Conversational AI V/S Chatbots 

We have discussed what Conversational AI and chatbots stand for. Now let us see what is the relation between the two.  

Have you ever thought about what makes a chatbot converse like a human? Well, the credit goes to Conversational AI. Conversational AI, when implemented in chatbots, makes them smarter and more efficient. But the important fact to be noted is that not every chatbot has conversational AI induced in it. There are these traditional chatbots that can perform only a limited number of tasks, which usually involve responding to common FAQs. The increasing needs of large enterprises led to the implementation of conversational AI into chatbots, thus improving their functionality from merely being an answering bot to understanding human language and providing transactional functionality. Conversation AI enables you to perform much more things efficiently rather than translating web content into chatbot responses. 

Differences between AI-driven chatbots and Traditional Chatbots 

AI Chatbot – relies on Natural Language Processing, Machine Learning, and Input Analysis to give a personalized customer service experience. 

Traditional Chatbots – rely on rule-based functioning or programmed conversational flow. 

AI Chatbot – strong and non-linear interactions that go all the way to deliver an appropriate response to customers. 

Traditional Chatbots – linear and pre-set interactions that do not go out of the scope.

AI Chatbot – learn and understand continuously from interactions and rapid repetition cycle. Adapts to the changing customer needs. 

Traditional Chatbots – interpret the input information. The reconfiguration will be necessary to update or revise any pre-defined rule and conversation flow. 

AI Chatbot – scalability is high. The conversational AI interface gets updated while updating the database and pages of the company. 

Traditional Chatbots – take a lot of time to scale. Requires updations, maintenance, and revisions to be done manually. 

AI Chatbot – handles a large amount of data from clients at a faster pace. Gives rapid solutions to problems. 

Traditional Chatbots – rapid response but fails to respond to questions out of scope.  

AI Chatbot – Dialog-focused. 

Traditional Chatbots – Navigation-focused. 

Why do Conversational AI chatbots outrun Traditional Chatbots? 

Looking at the above-mentioned points, one can easily understand that conversational AI is way more interactive and has many advantages than a chatbot. Now comes the question ‘Why chatbots are still in the market?’. The answer lies in the specific needs of organizations with different sectors, sizes, and business models. For instance, let’s assume that you are a restaurant owner and you decided to implement a chatbot on your website. This way your users can easily order food, track the order and give feedback without even talking to the owner or any other representatives.
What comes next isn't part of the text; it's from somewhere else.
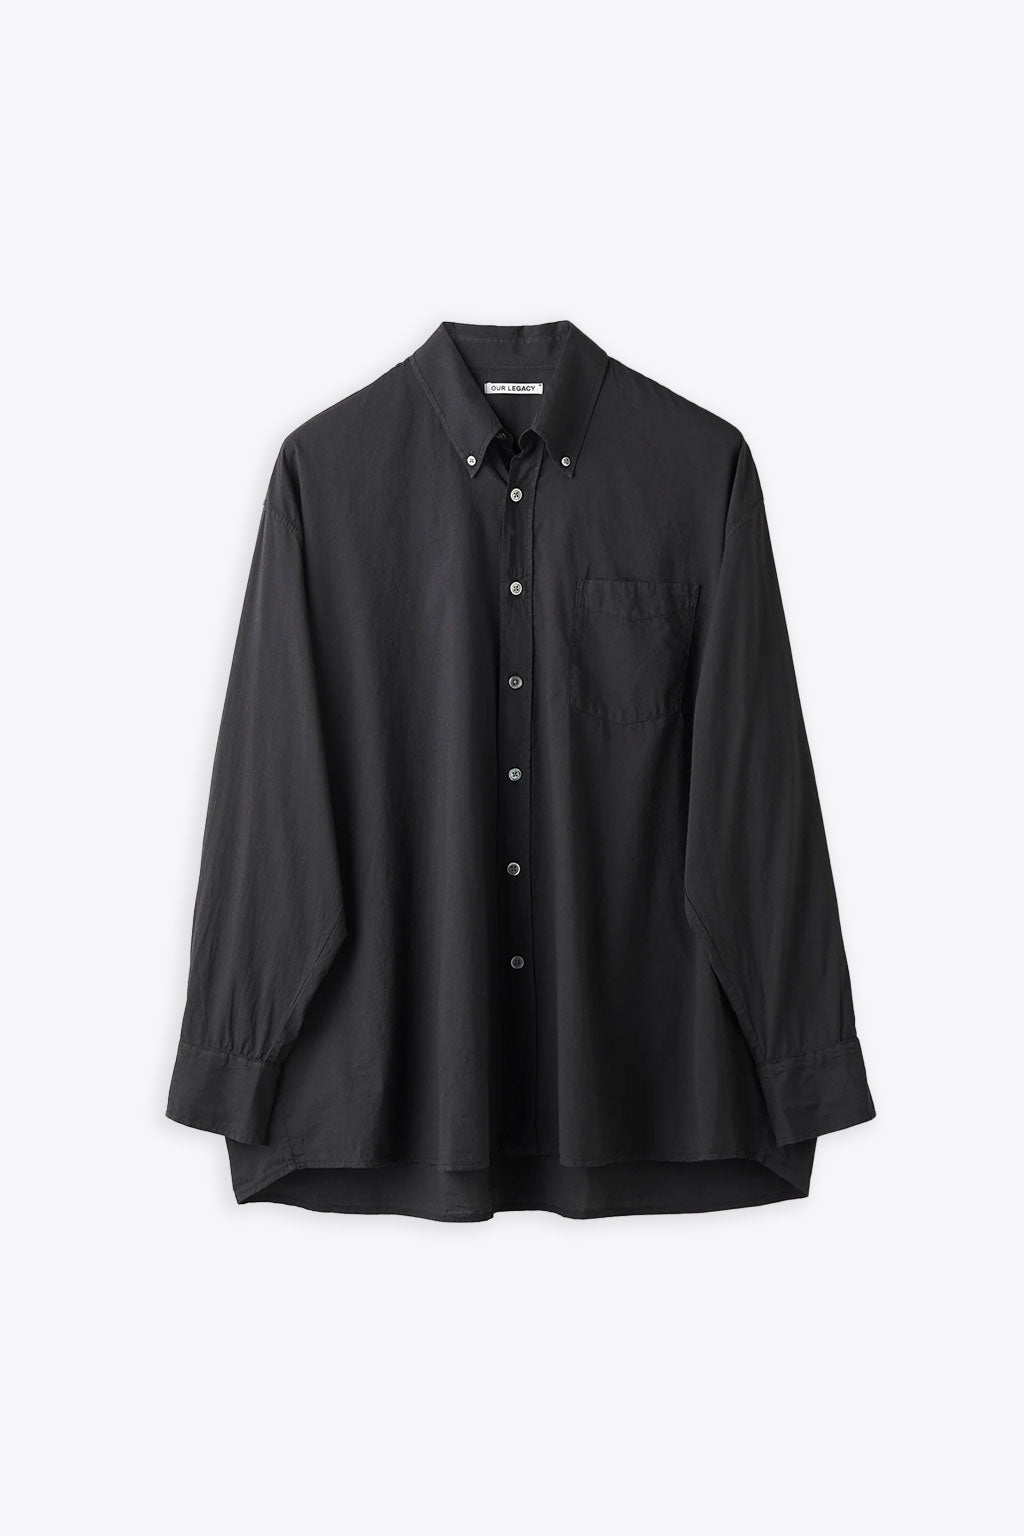 alt-image__Black-cotton-voile-button-down-shirt---Borrowed-BD-shirt

The chatbot will deliver proper service as long as the user remains in the scope topic. Chatbots are enough for small and medium businesses and huge companies which aim to handle a single task. 

Wrap Up 

Most people deem that these two terminologies are supportive and complementary to each other. They can improve customer interaction and experience when these two terminologies are effectively integrated. While comparing chatbots and conversational AI, you will see what makes conversational AI chatbots the best choice for your business. The system takes time to set up and train but once set up, a conversational AI is basically superior at performing most tasks. Therefore, it is highly recommended for businesses to gain better customer satisfaction.